Now I suppose we must expect gas and parachutists, dropping of soldiers dressed as orange priests, with their umbrellas turned to parachutes, and the rest of it. I’ve not been in an invaded country before. There will be naval bombardment too. Lord help us! The air is loud with aircraft, ours I hope.
10 December
This morning the telegram arrives that Duff has the job of Minister for Far Eastern Affairs with much authority, enough to be able to form a War Council. My darling Duff is tickled to death. Either this answer or one to the effect that Menzies was on his way (“Carry on pending handing over, then return”) he was ready to be pleased with. The dread was of “Still considering report. Suggest you roll bandages till we say stop.” The present development flatters and stimulates him. What does it do to me? I’m curiously numb, thank God. I can see every horror—no escape, speedy and complete infiltration by Japs, Rotterdamming of Singapore town and the Base, massacre of the whites—but all in a detached, weary way. People who have been in Chungking are windier than I am. I always knew Chungking wasn’t a patch on London or Bognor, caverns measureless to man and two hours’ warning!
11 December
When I said that I thought of every horror, I didn’t think of our two proud ships finding so early a grave. Duff came in from the Naval Base at 8.30 and used that dreadful line (first used to me by Helen Kirkpatrick when Boulogne fell) “How black can you take it?” Expecting black, it was blacker. We get no details. Did Tuan Tom, in whom I had faith, go down? O toll for Tuan Tom, poor little live wire! I should hate to be killed by Japs and I probably shall be. The Germans are legions of Anti-Christ, but missing links. No, no, not sunk by missing links.
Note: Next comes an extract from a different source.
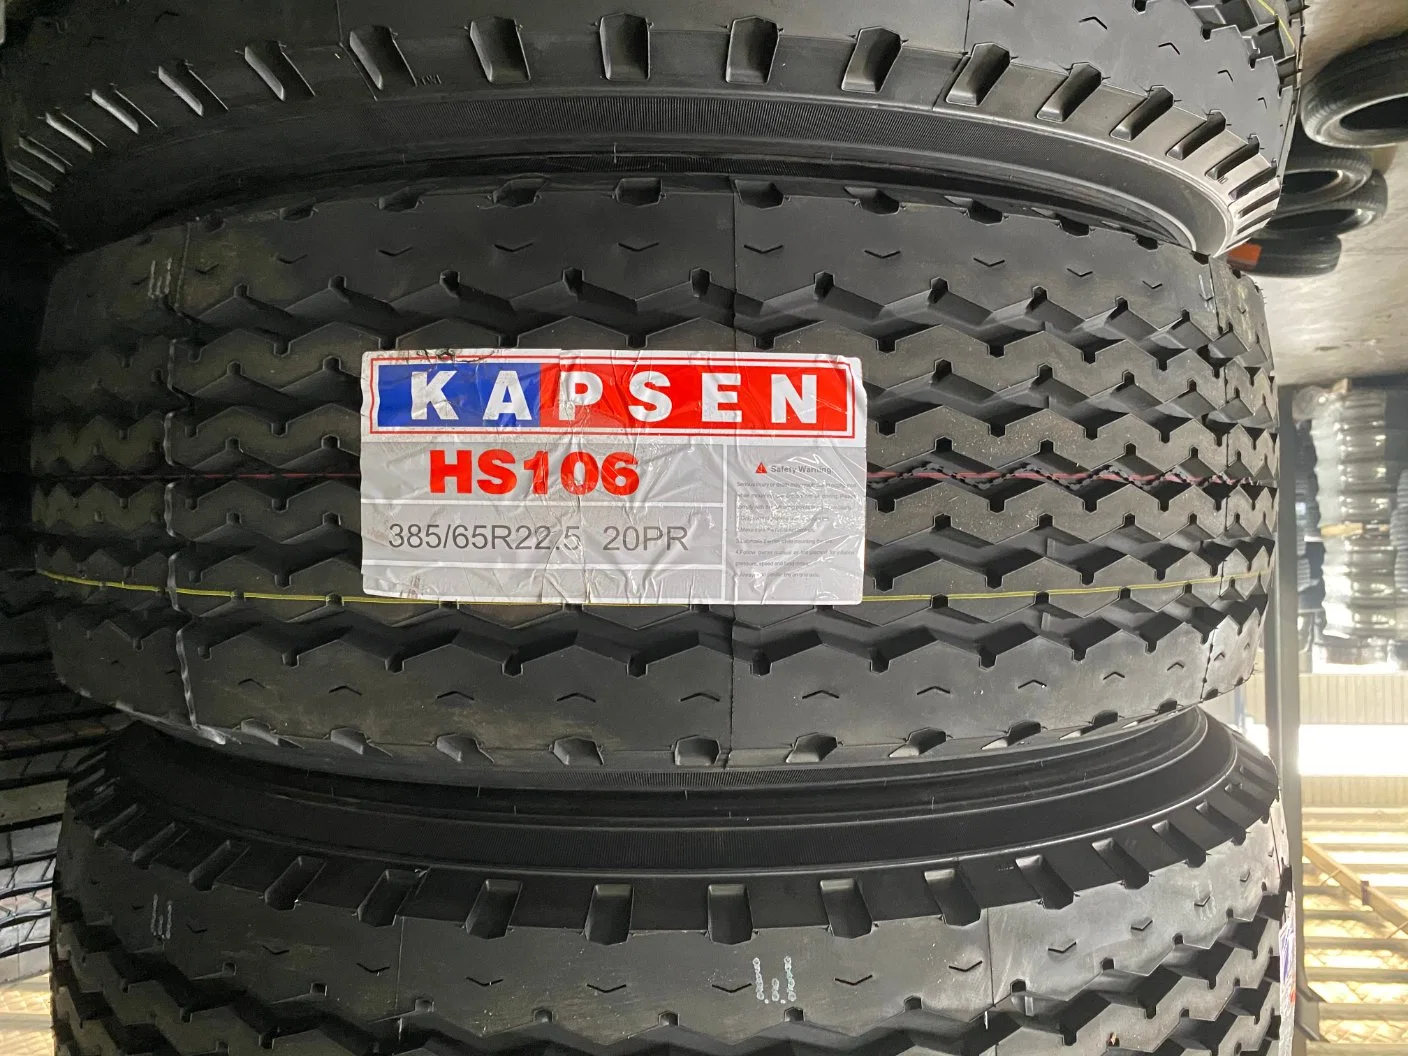 Kapsen/Taitong/Terraking Marca neumáticos TBR 385/65r22.5 20PR HS166 HS106 HS209 Radial Neumático para camión súper sencillo

Our peninsula is yellow as gorse with them, but no one seems much put about.
A very entertaining man called Darvall came to dinner and we talked about what muddlers we were. Duff had to go off and do a broadcast on the loss of the ships, and I hung over the table, lit by two candles (all we dare show), while the
fever dropped off my face and arms on to the cloth. This morning at last I’m normal. Last night I was 101. I feel like something rightly thrown away. It’s difficult to remember myself as that bright dynamo in Australia so few weeks ago. I’ll brighten. A nice cable from Claire Luce today advising courage in the shooting-match, an invigorating one from Tommy Stout Winston dragged me out of my well for a moment. “Who put her in?” Sigh for poor Pussy.
I learnt coding and decoding yesterday in the office. It’s what I should like best to do if there is a lot of work, but I fear there won’t be and I shall have to nurse if the raids are bad.
O little did my mither wist
The night she cradled me
The lands I was to travel in
Or the death I was to dee.
12 December
If only Duff had received his orders three days earlier, the War Council, however hastily formed, would never have allowed the ships their umbrella-less enterprise. The Council meets daily and our dear Admiral Layton has been dragged off his home-bound ship to fill his old post.